NVIDIA’s GeForce RTX 4090 has been long-awaited and now it’s finally here. Nvidia keeps its usual editorial stance : The graphics card is designed for enthusiasts and gamers who want the best visual fidelity

The truth is much more blurry. This card and its announced MSRP ($1,599) firmly keeps it out of 99% of gamers out there. As NVIDIA was designing and pushing the RTX 4090 into production line, crypto miners where a primary focus and mammoth size memory shows it (24 GB DDR6X).

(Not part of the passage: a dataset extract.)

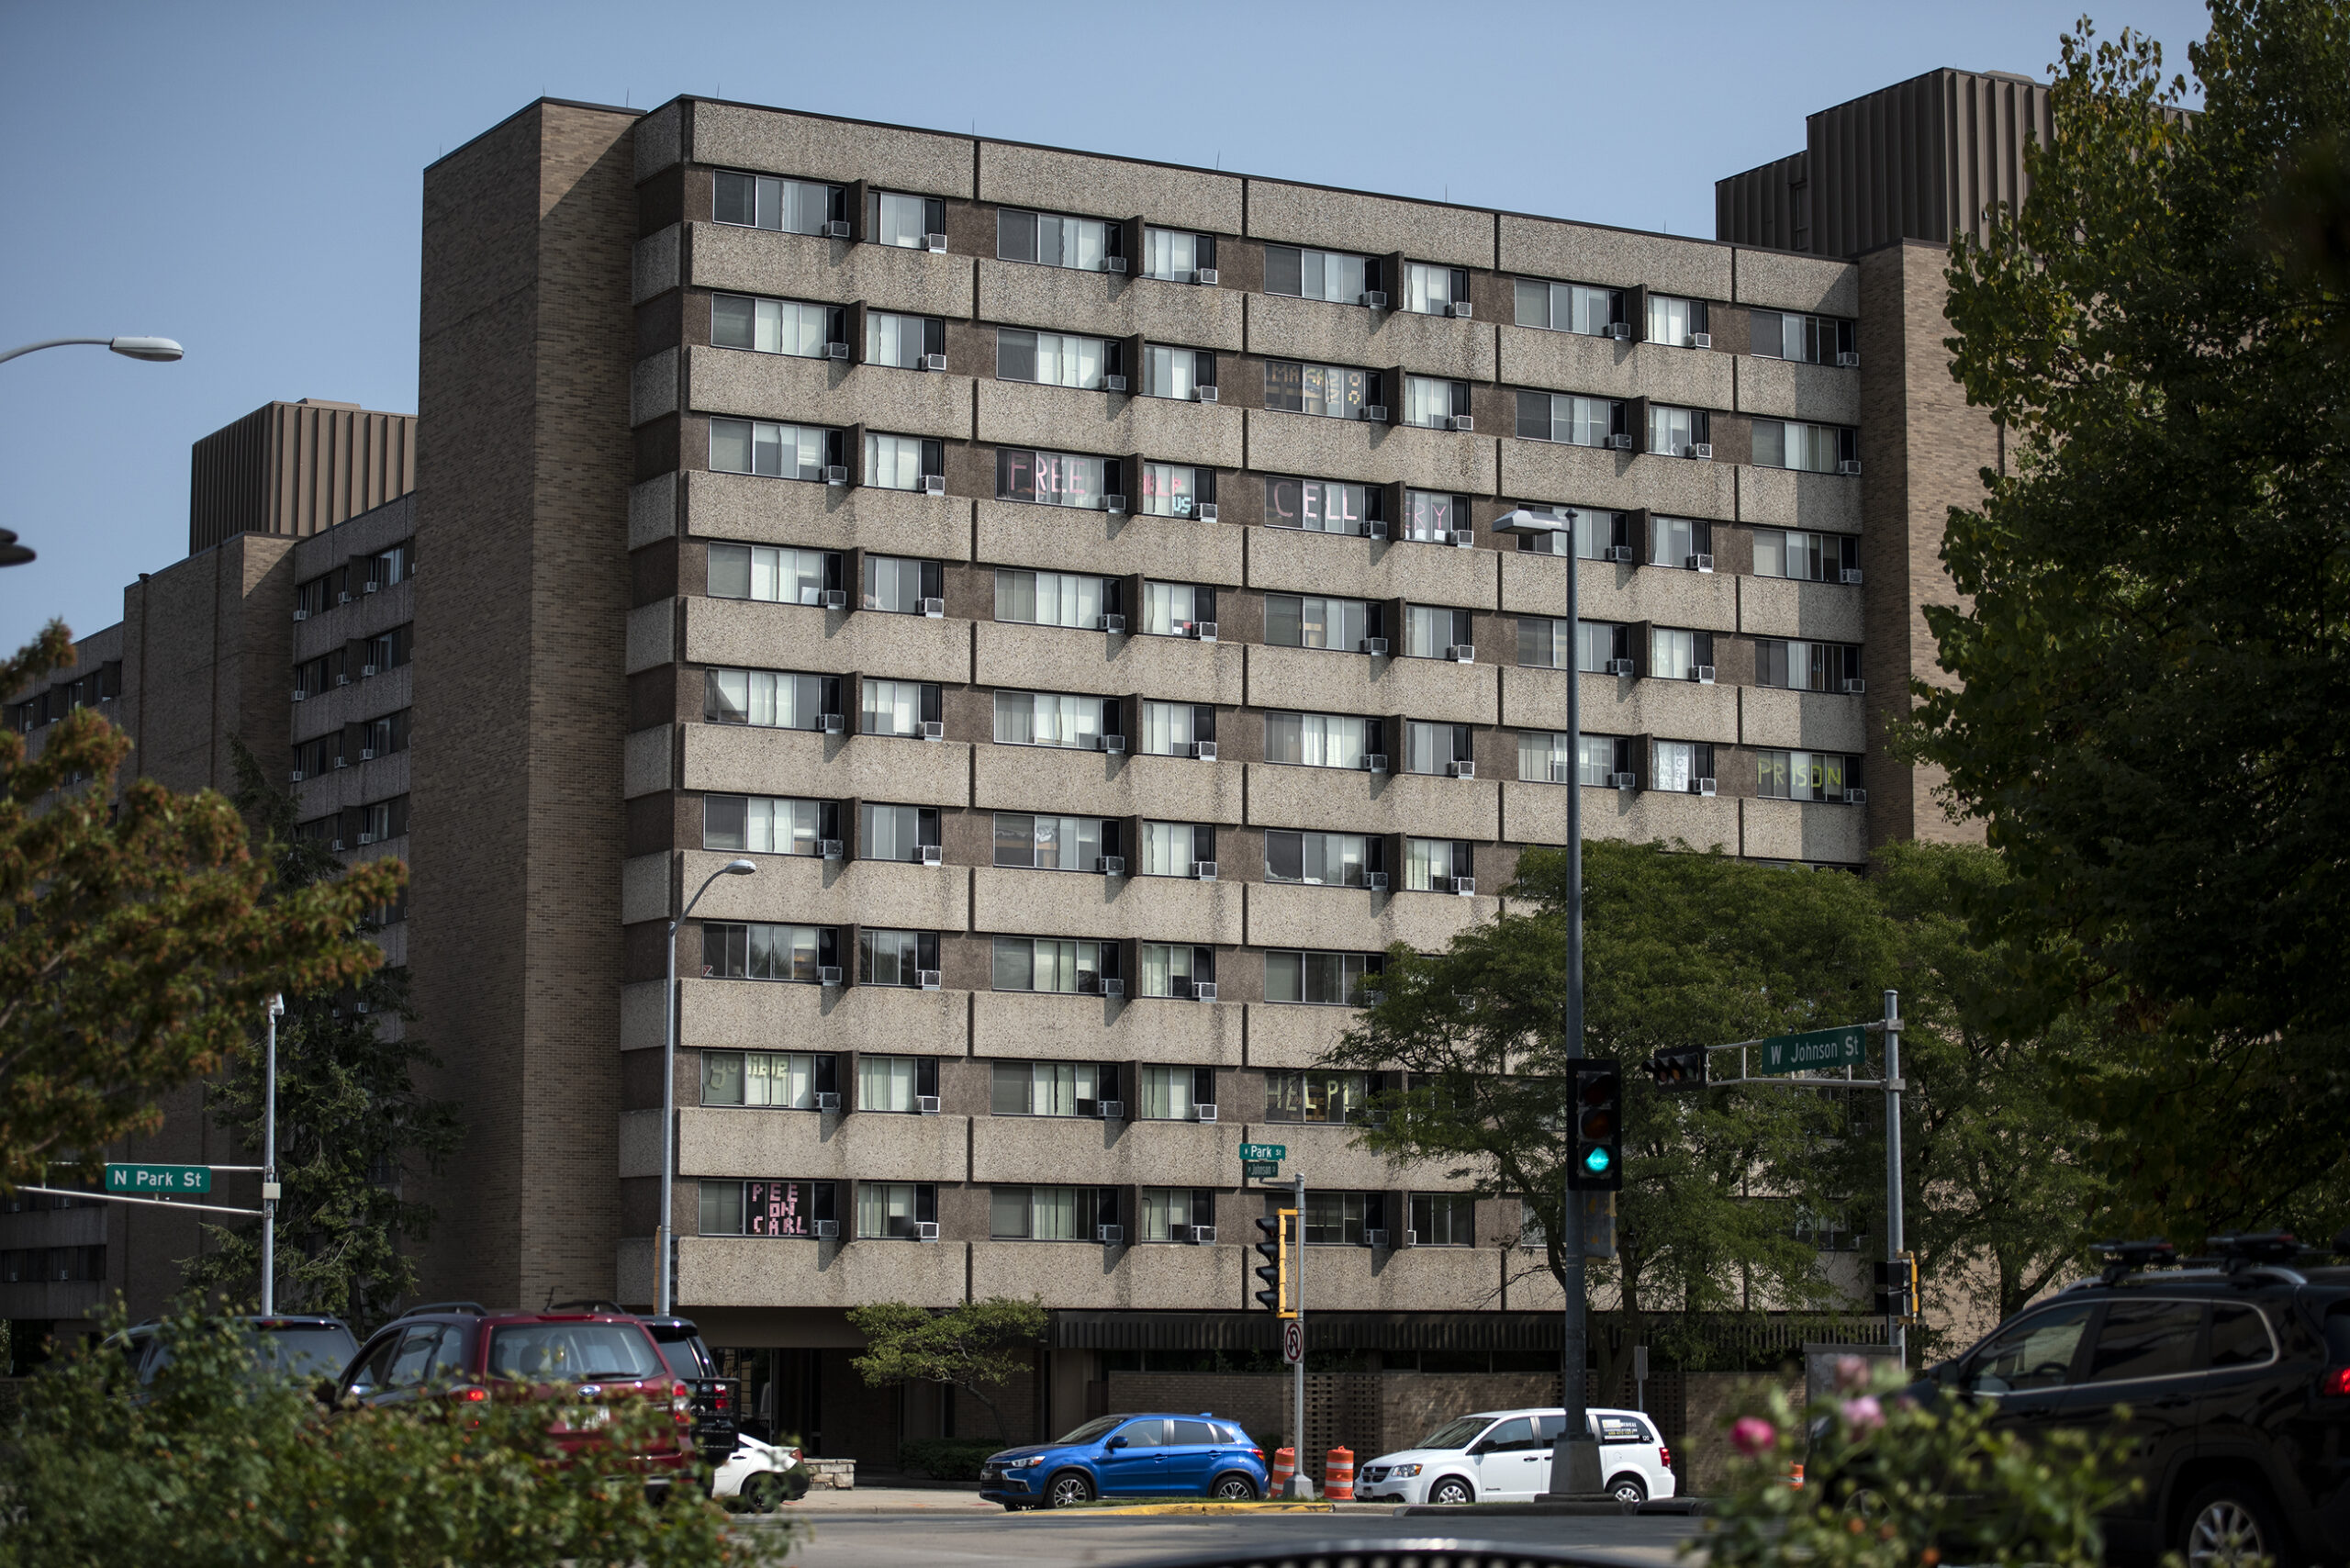 CDC Study Shows COVID-19 Outbreak At UW-Madison Dorms Didn’t Spill Into Surrounding Community

As far as gaming goes, sure it’ll do great. We got a 35% performance increase when compared to its predecessor (GeForce RTX 3090Ti ) and a whole 4x faster with DLSS and 2x faster in native resolution for faster fps and Ray Tracing.

But he question remain, what gamer on earth can afford this. If MSRP is at $1,600 it means partner cards going at no less than 2 full grand.


Confirmed Specs

NVIDIA’s AD102 ‘Ada Lovelace’ GPU – The Next-Gen Powerhouse

Now that’s said, let’s take a look at what is in the AD102 GPU itself:
The GPU measures 608,4mm2 and will utilize the TSMC 4N process node which is an optimized version of TSMC’s 5nm (N5) node designed for the green team. The GPU features an insane 76.3 Billion transistors.

The NVIDIA Ada Lovelace AD103 GPU is expected to feature up to 7 GPC (Graphics Processing Clusters). This is the same GPC count as the Ampere GA102 GPU and one additional GPC over the GA103 GPU. Each GPU will consist of 6 TPCs and 2 SMs which is the same configuration as the existing chip. Each SM (Streaming Multiprocessor) will house four sub-cores which is also the same as the GA102 GPU. What’s changed is the FP32 & the INT32 core configuration. Each sub-core will include 128 FP32 units but combined FP32+INT32 units will go up to 192. This is because the FP32 units don’t share the same sub-core as the IN32 units. The 128 FP32 cores are separate from the 64 INT32 cores.

So in total, each sub-core will consist of 32 FP32 plus 16 INT32 units for a total of 48 units. Each SM will have a total of 128 FP32 units plus 64 INT32 units for a total of 192 units. And since there are a total of 84 SM units (12 per GPC), we are looking at 12,288 FP32 Units and 6,144 INT32 units for a total of 18,432 cores. Each SM will also include two Wrap Schedules (32 thread/CLK) for 64 wraps per SM. This is a 50% increase on the cores (FP32+INT32) and a 33% increase in Wraps/Threads vs the GA102 GPU.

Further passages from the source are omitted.